### Source data

-*-*-

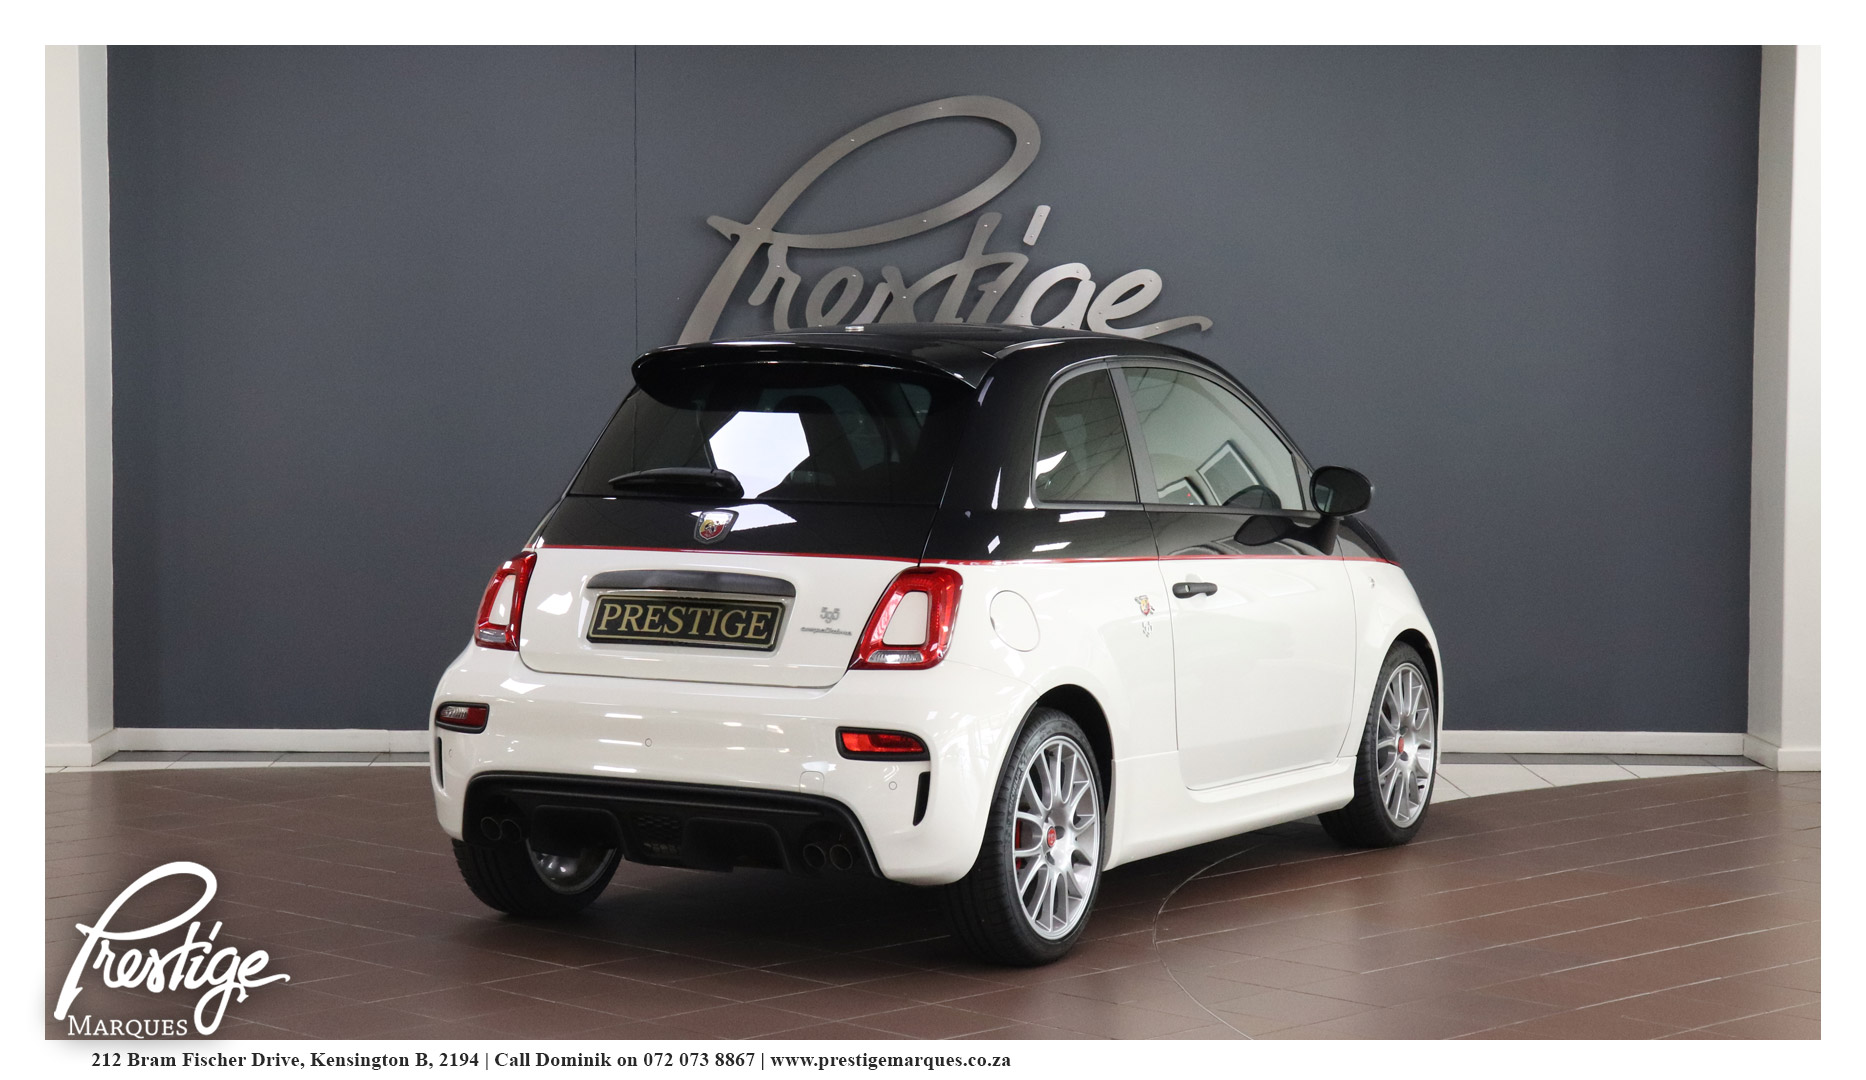 2020-Fiat-Abarth-595-Competizione-Manual-Prestige-Marques-Randburg-Sandton-6
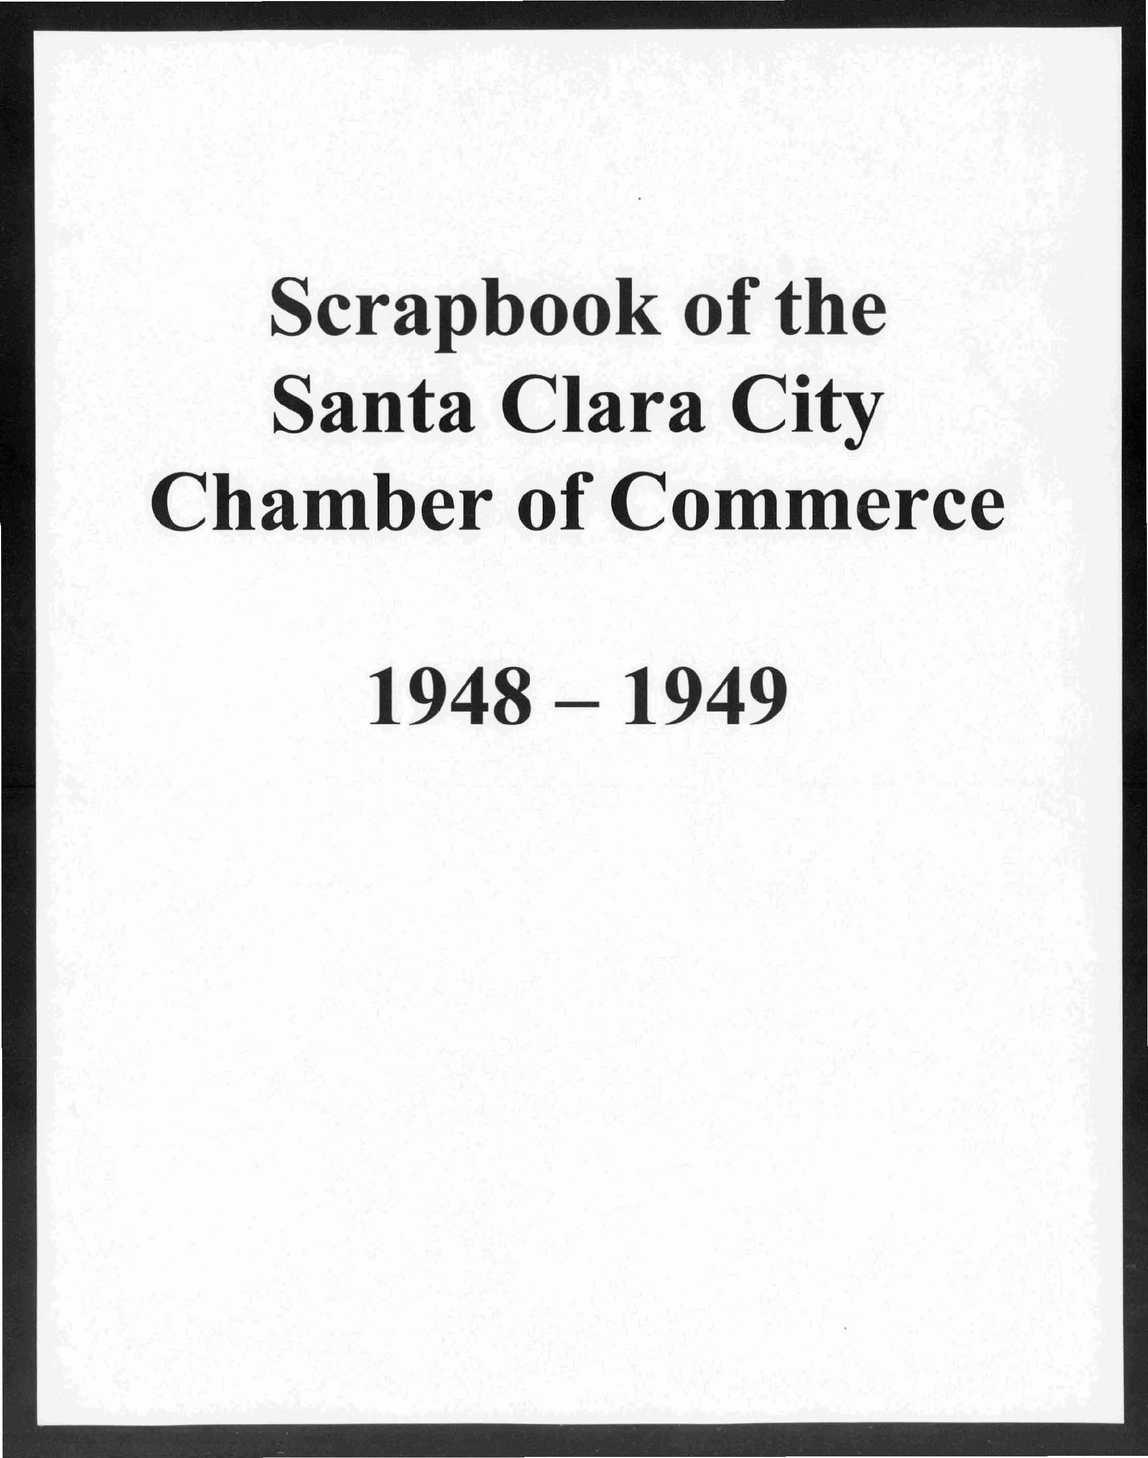 Calaméo - Scrapbook 1948-1949
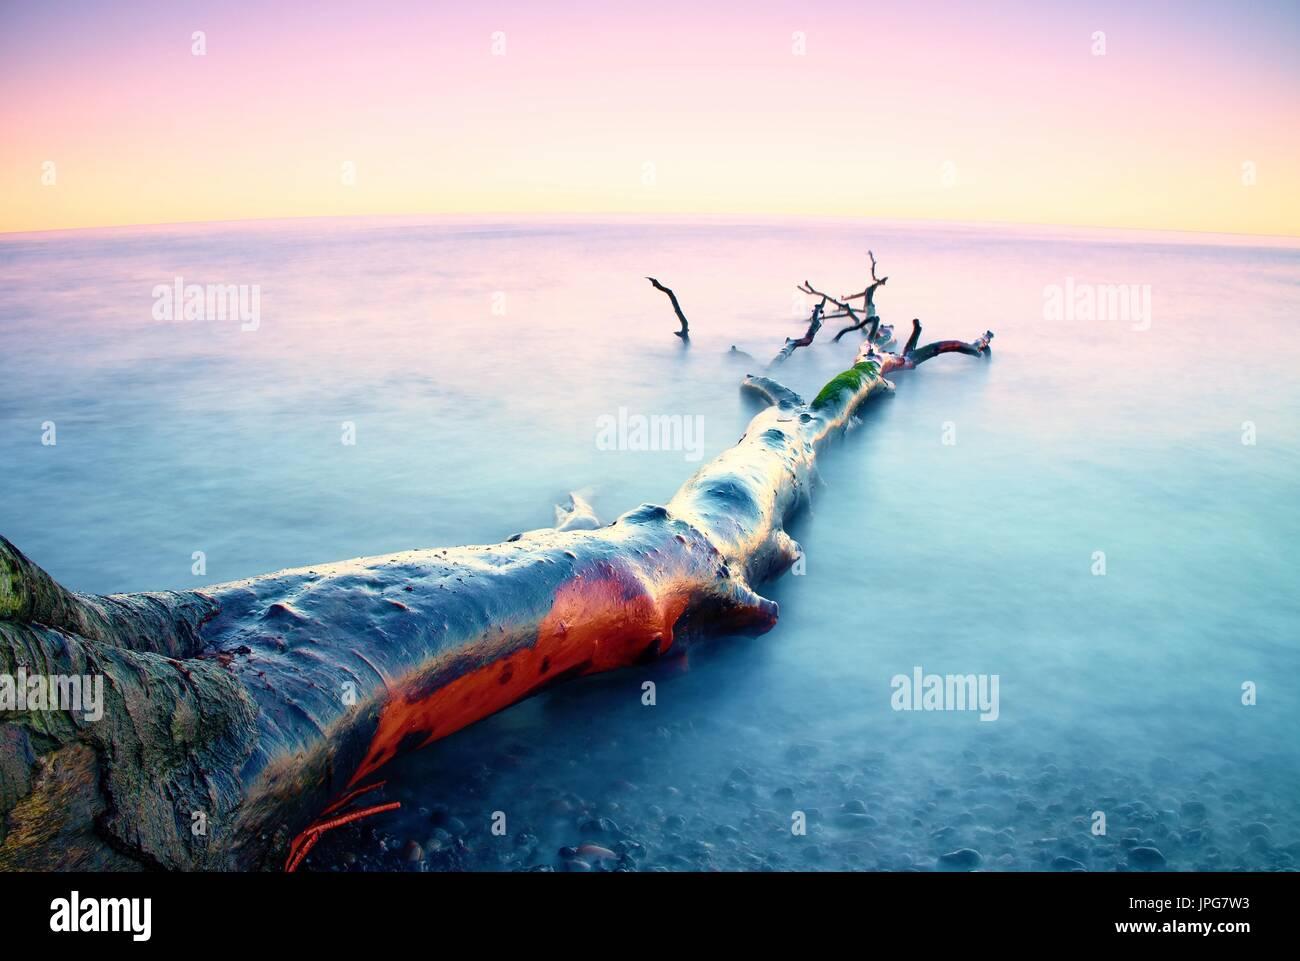 Romantico tramonto del tempo. Lonely albero caduto sul vuoto Costa sassosa. Rosa il cielo sopra la liscia smoky Foto Stock
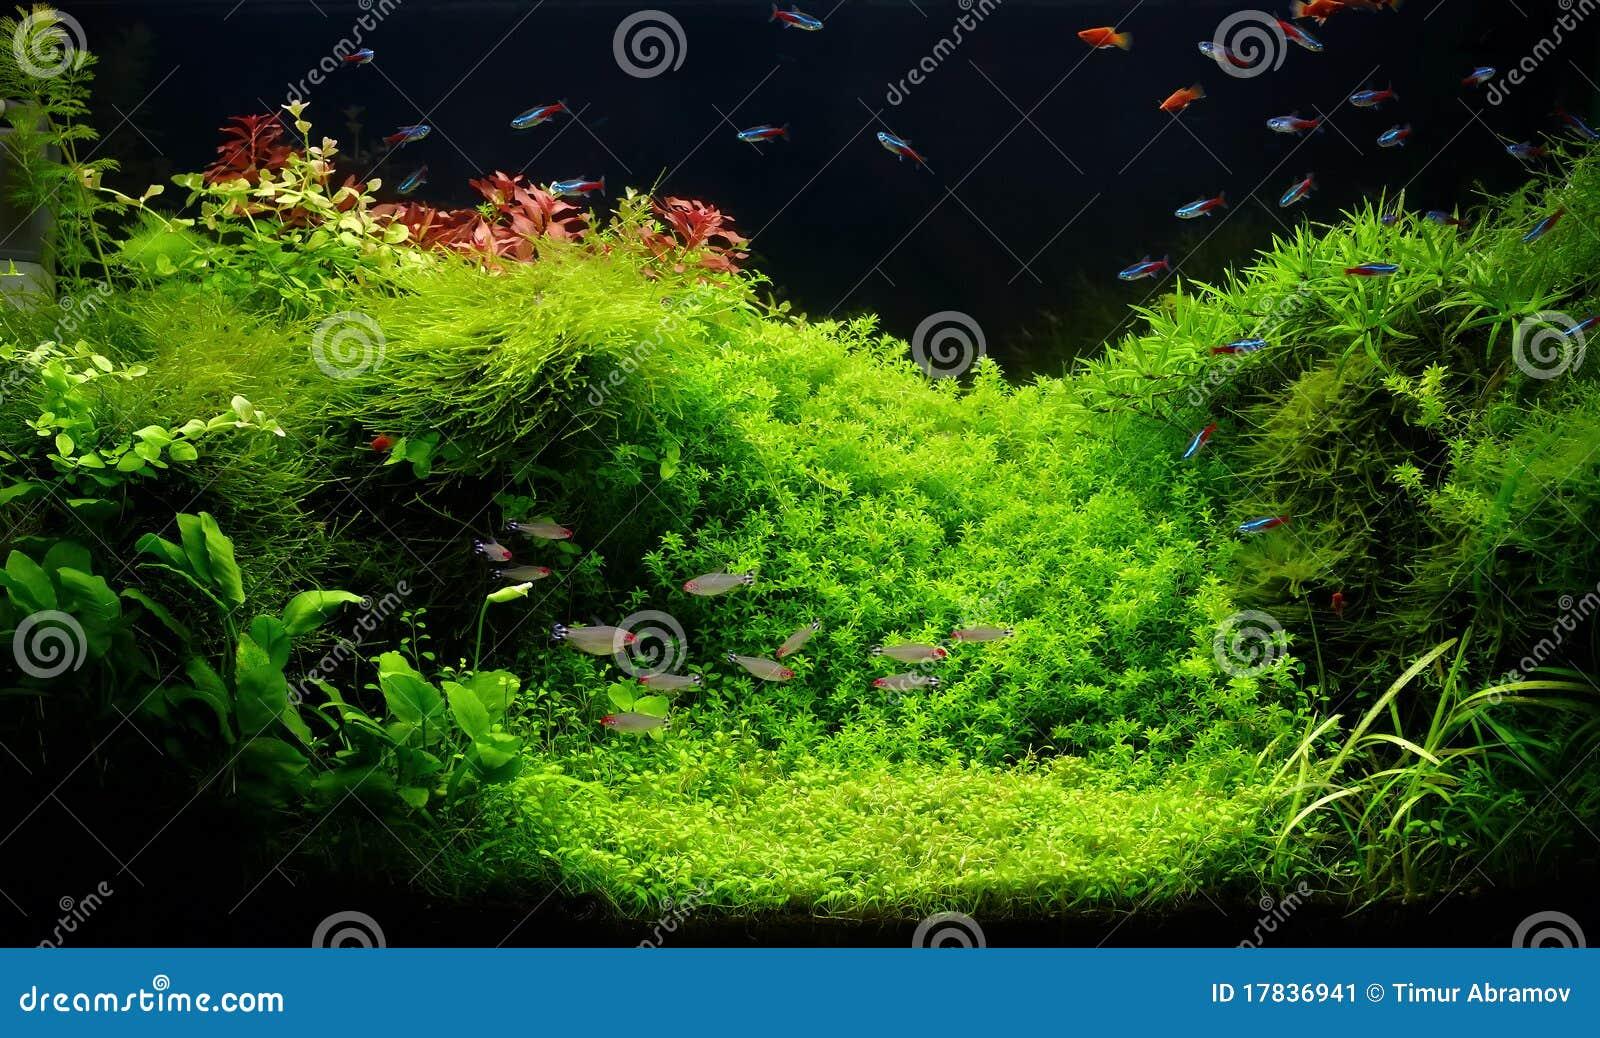 aquarium d 39 eau douce de nature dans le type de takasi amano image stock image 17836941. Black Bedroom Furniture Sets. Home Design Ideas

-*-*-

### What is required
Once the pictures are dropped, please print every remaining line of the material verbatim.

### Answer section
 2020-Fiat-Abarth-595-Competizione-Manual-Prestige-Marques-Randburg-Sandton-6
 Calaméo - Scrapbook 1948-1949
 Romantico tramonto del tempo. Lonely albero caduto sul vuoto Costa sassosa. Rosa il cielo sopra la liscia smoky Foto Stock
 aquarium d 39 eau douce de nature dans le type de takasi amano image stock image 17836941. Black Bedroom Furniture Sets. Home Design Ideas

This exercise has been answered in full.